For the first time, the IPCC included a chapter on demand-side mitigation, including shifting diets or transportation patterns. It concluded with high confidence that demand-side strategies could cut global GHG emissions by 40-70% by 2050. But this won’t be possible unless companies act to accelerate — not obstruct — these changes. Businesses must be active players in informing, educating and engaging their consumers to change behaviors and influencing demand for products and services that are at odds with sustainability — even when it means a fundamental shift in the business model and the transformation of product portfolios; decoupling profitability from resource consumption. The report says behavior and cultural changes represent “a substantial overlooked strategy” left out of transition pathways and scenarios.
Activate change across the supply chain.
Some of the most powerful levers of action highlighted by the IPCC lie within companies’ supply chains. Engaging with sourcing partners and distribution channels to enable the uptake of renewable energies is one example. Another is halting deforestation, which alone accounts for 45% of emissions from the land sector (source: WRI). Procurement teams need to identify deforestation risks associated with their commodities and work closely with suppliers and stakeholders to drive greater transparency and accountability in the marketplace. Procurement decisions give companies enormous influence to shift what we produce and consume, and investing in supplier capacity-building and engagement is critical to accelerate decarbonization.

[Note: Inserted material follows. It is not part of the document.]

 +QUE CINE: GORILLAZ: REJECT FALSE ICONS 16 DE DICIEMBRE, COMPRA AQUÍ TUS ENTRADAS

Since supply chains are where most impacts are, companies that wait any longer to drive progress with suppliers are letting critical time — and emissions — slip through the cracks.

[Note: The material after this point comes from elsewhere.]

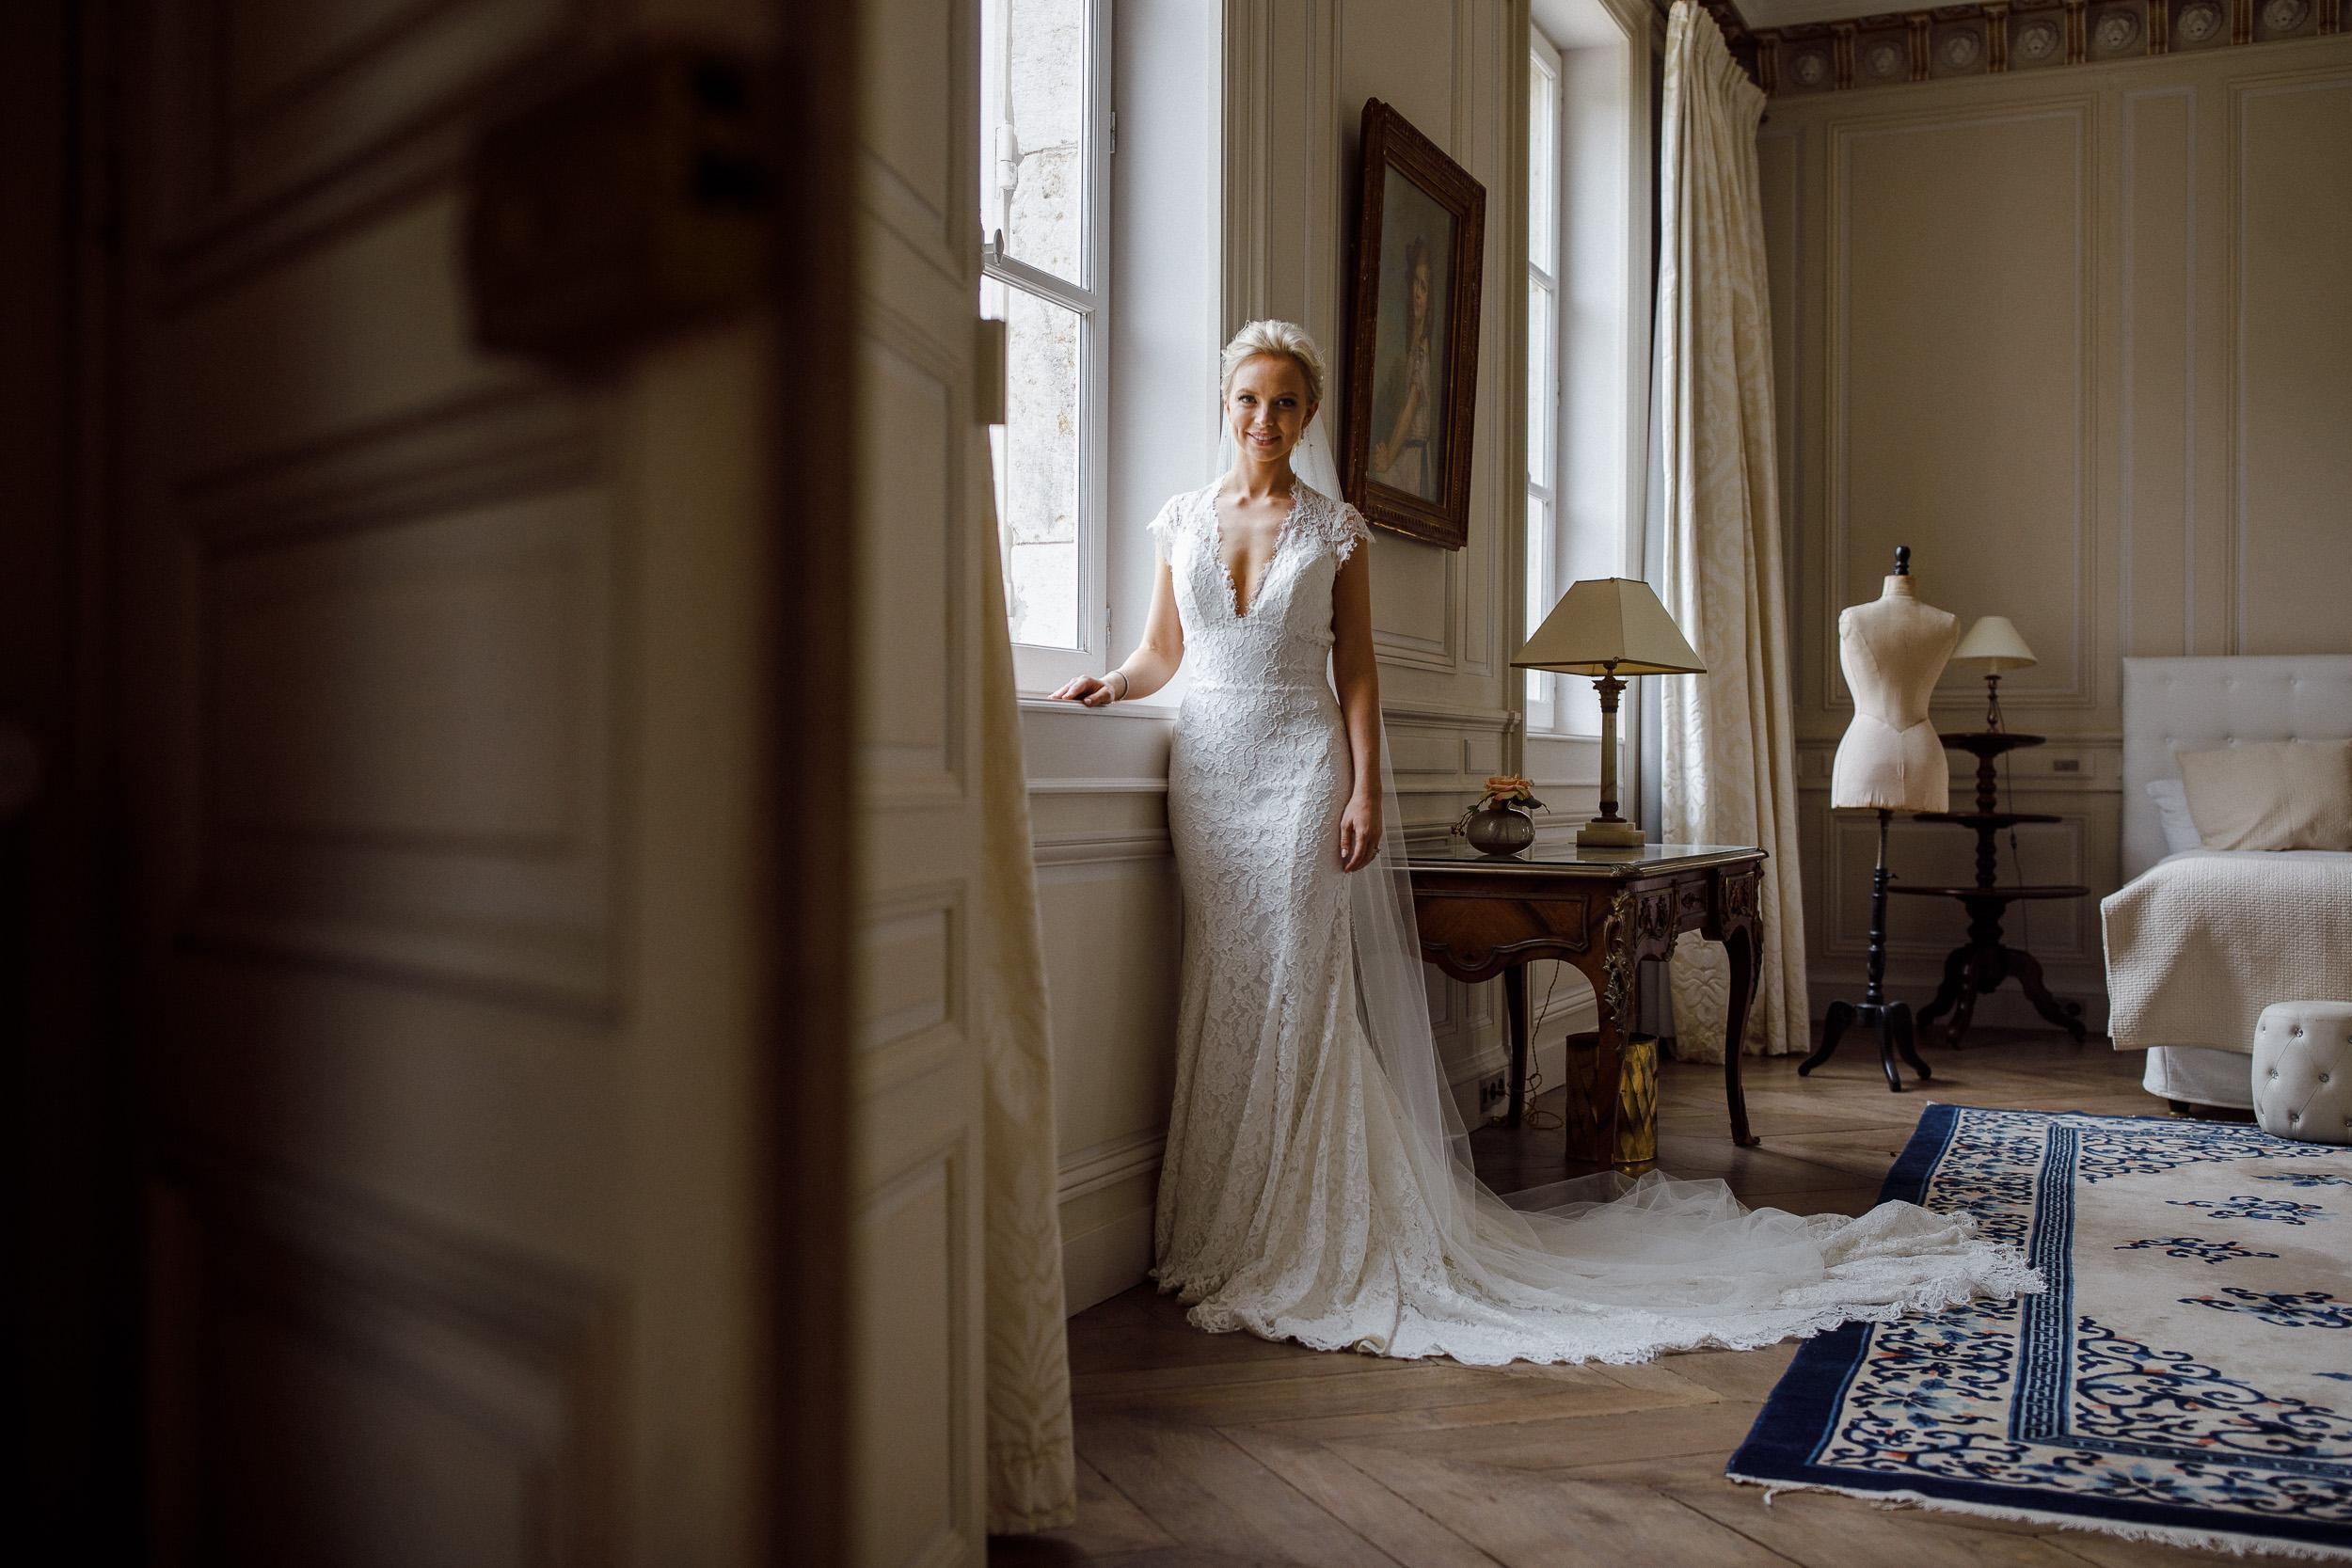 Wedding-Chateau-de-Varennes-039.jpg

Use corporate influence to move the needle.
Awareness from both consumers and investors continues to build around companies’ failure to walk the talk on sustainability commitments behind closed doors. The IPCC report states: “The interaction between politics, economics and power relationships is central to explaining why broad commitments do not always translate to urgent action…Accelerating climate mitigation includes…overcoming resistance to policies (e.g. from incumbents in high carbon emitting industries).” It’s time for businesses to ensure their lobbying efforts are supporting — not undermining — sustainability ambitions and take a hard look at the policy engagements of the trade associations they’re part of. Shifting focus to working with peers, investors, regulators and partners to drive change in the right direction is critical.
Future-proof the business model and bring all stakeholders on board.
Avoiding a worst-case climate scenario requires abandoning the current linear “take-make-waste” economic model and transitioning to one in which goods and services are based on quality, circularity and durability. Companies need to take a serious look at their business models and build a plan to transform to operate within the limits of the planet. Every business decision made must be driven by its alignment with a resilient model and with guidance from those who hold this knowledge — sustainability leaders, scientists, experts. Leaders need to understand what’s at stake and engage with shareholders, board members and executives to align on ways to decouple current business models from the consumption of fossil- and land-based resources.
The planetary crisis is here. It’s time to trigger the crisis response.
From the COVID-19 pandemic to the invasion of Ukraine, recent catastrophes show just how nimble businesses can be when crises strike and they’re forced to act on the spot. Yet the existential threat of the climate, biodiversity and water crises before us have failed to elicit the rapid response needed. The scientific community is showing us what needs to be done to secure a future for people and planet. We have the tools at our disposal and it’s time to trigger the crisis response the science is calling for.